__PROVIDED MATERIAL__:
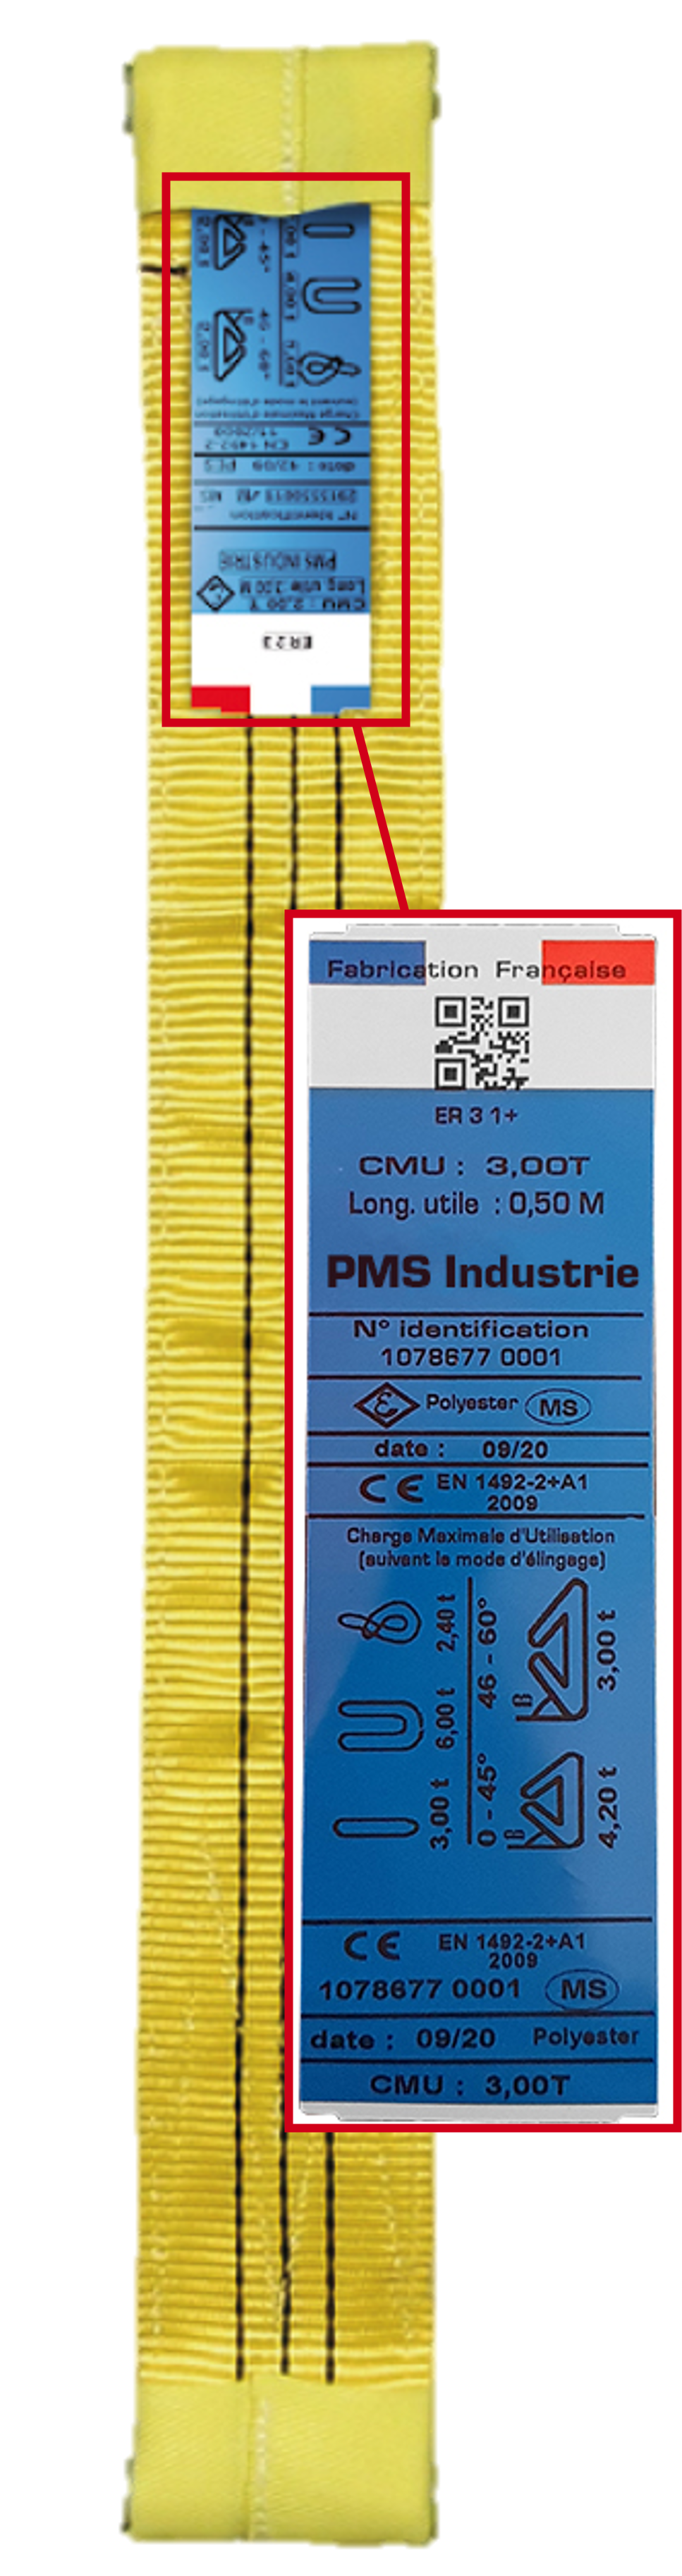 PMS products safety
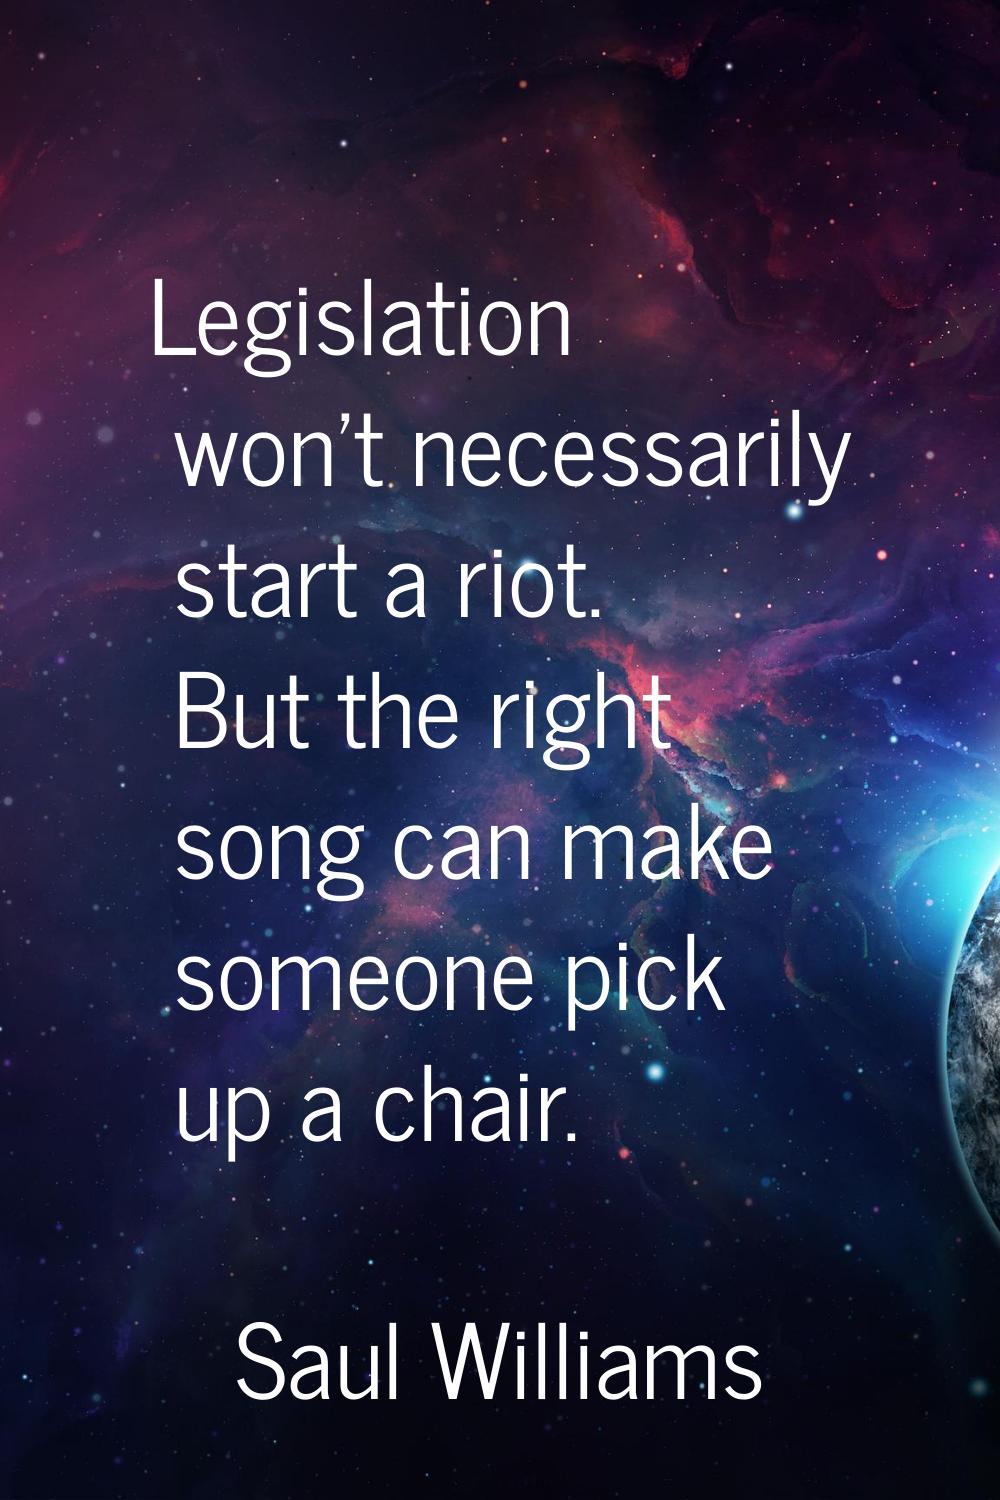 Legislation won't necessarily start a riot. But the right song can make someone pick up a chair.
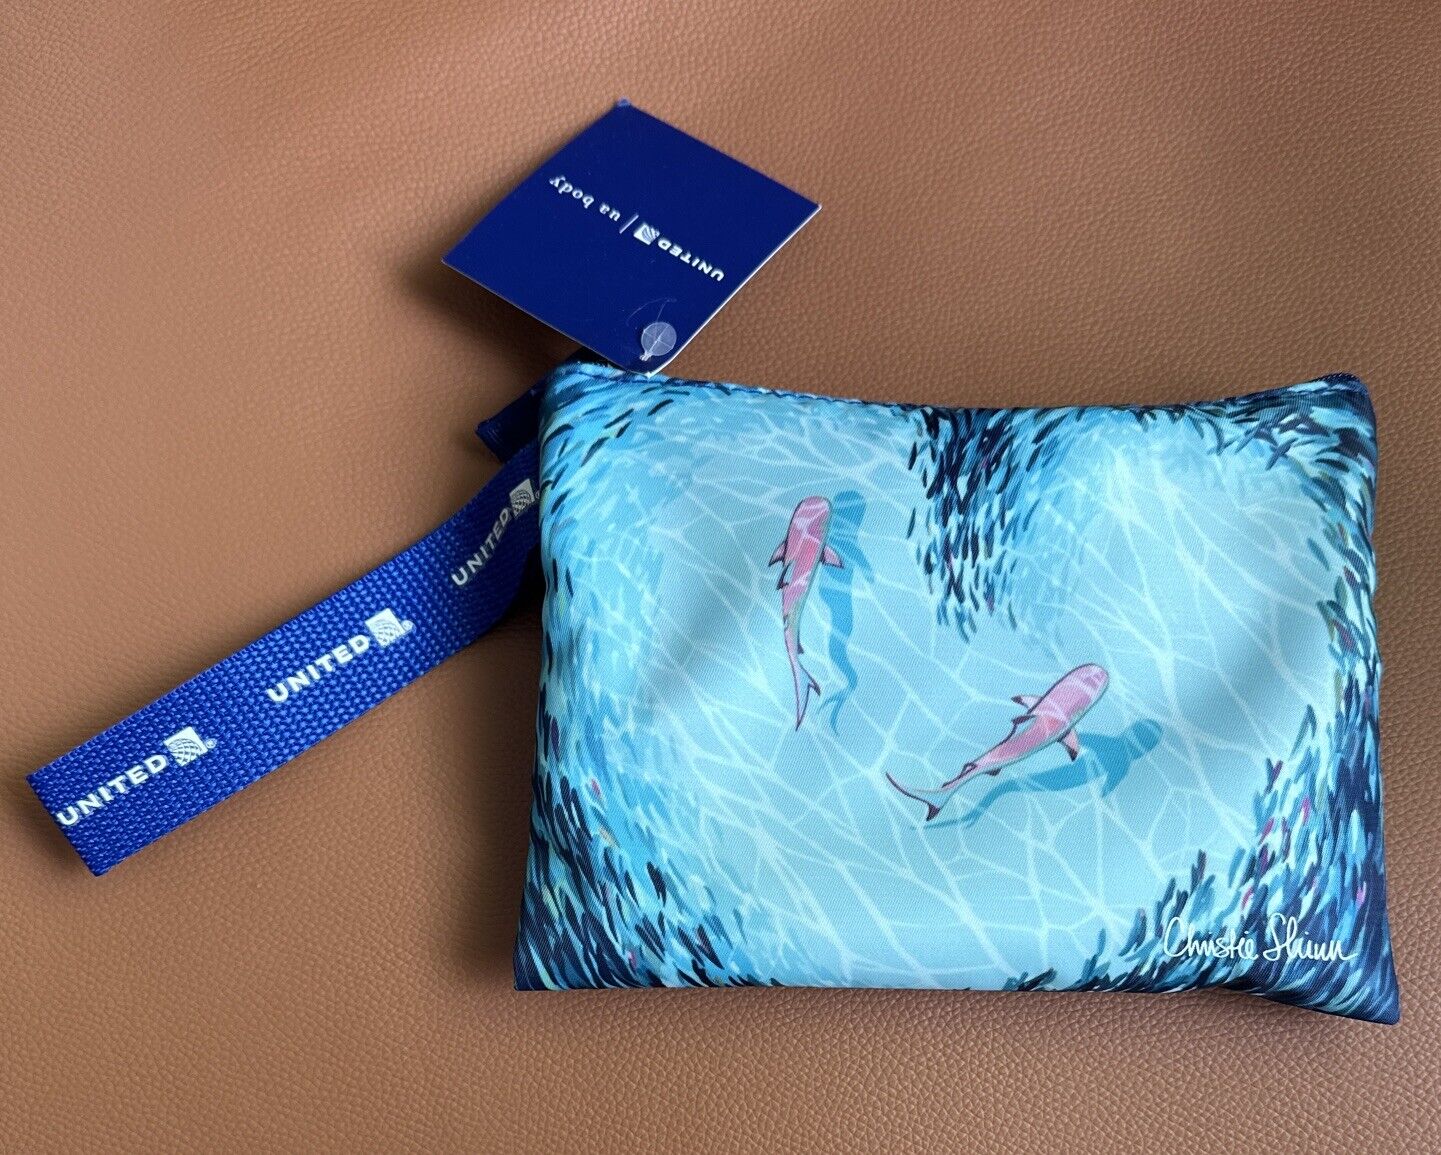 United Airlines Limited Edition Hawaii Amenity Kit
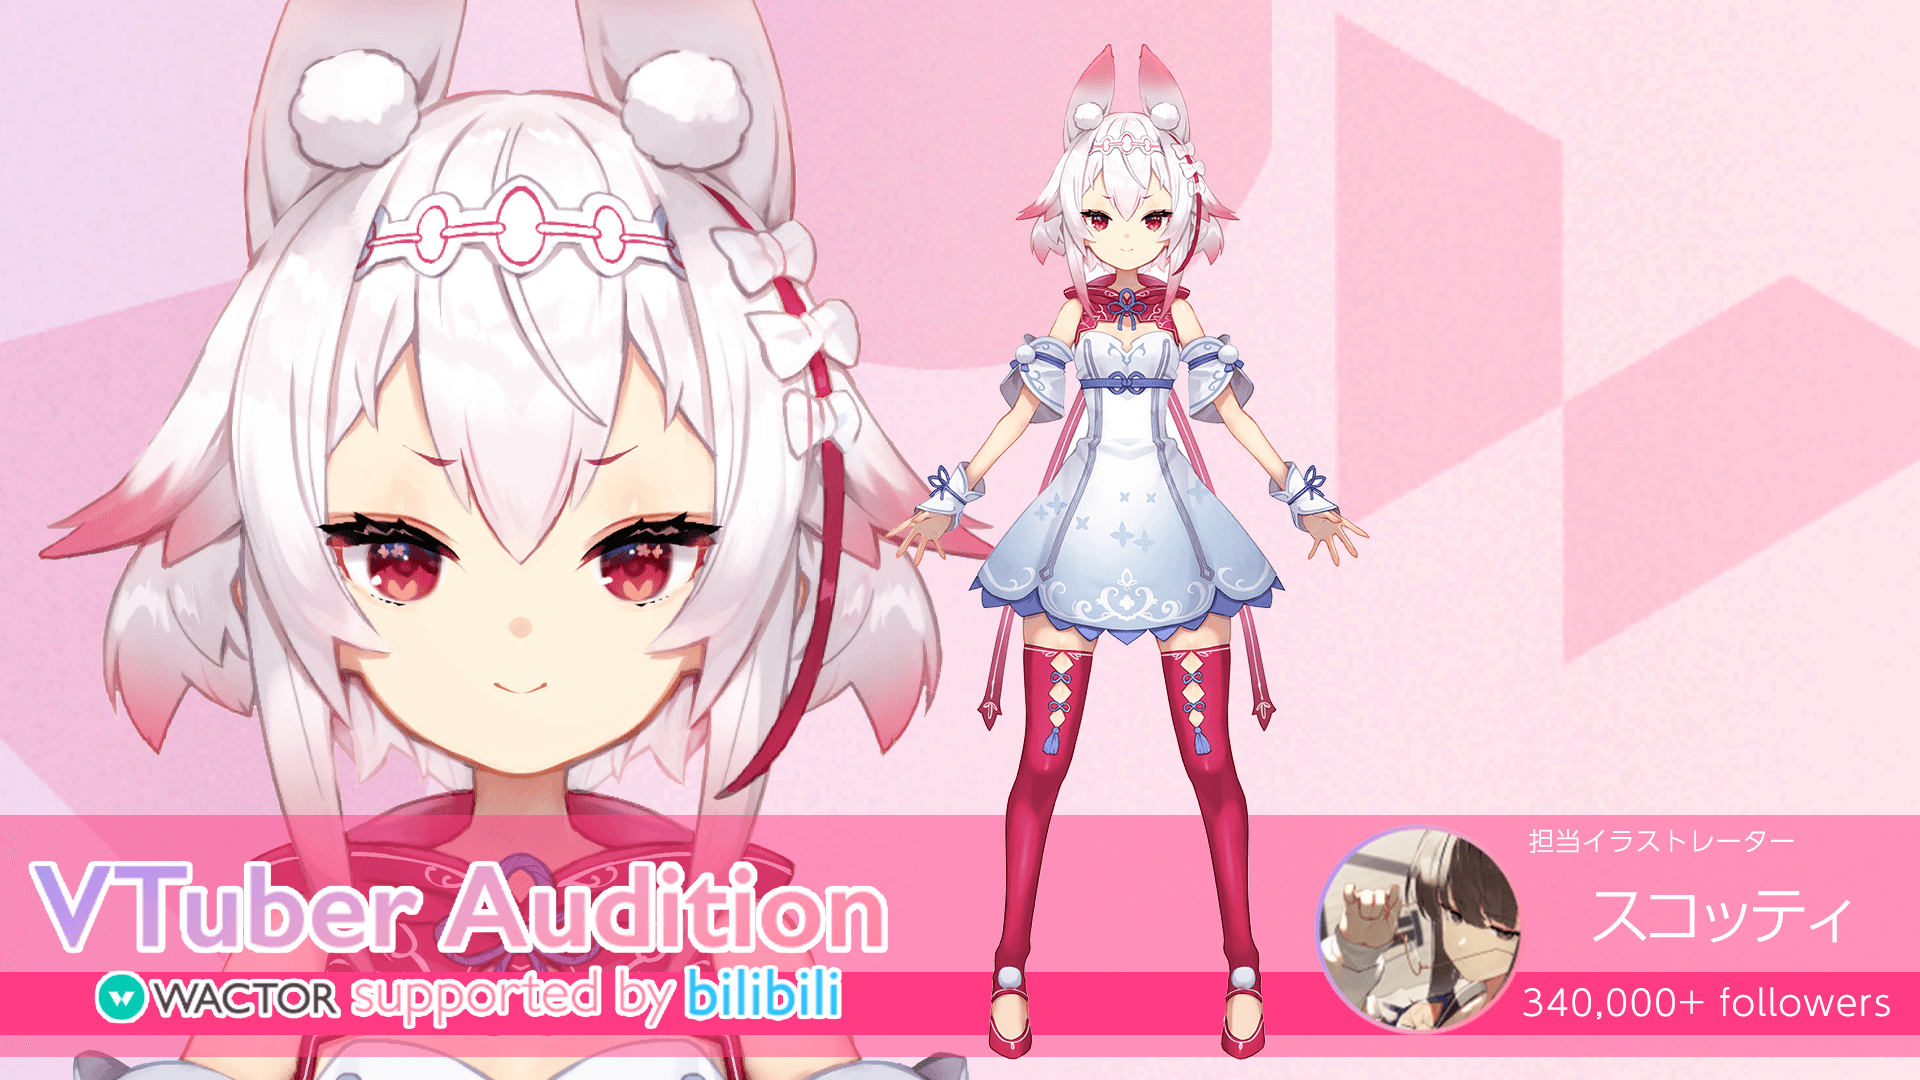 WACTOR VTuber Audition supported by bilibili (6)

__TASK STATEMENT__:
Output the lines above verbatim, images excluded.

__RESULT OF THIS TASK__:
 PMS products safety
 Legislation won't necessarily start a riot. But the right song can make someone pick up a chair.
 United Airlines Limited Edition Hawaii Amenity Kit
 WACTOR VTuber Audition supported by bilibili (6)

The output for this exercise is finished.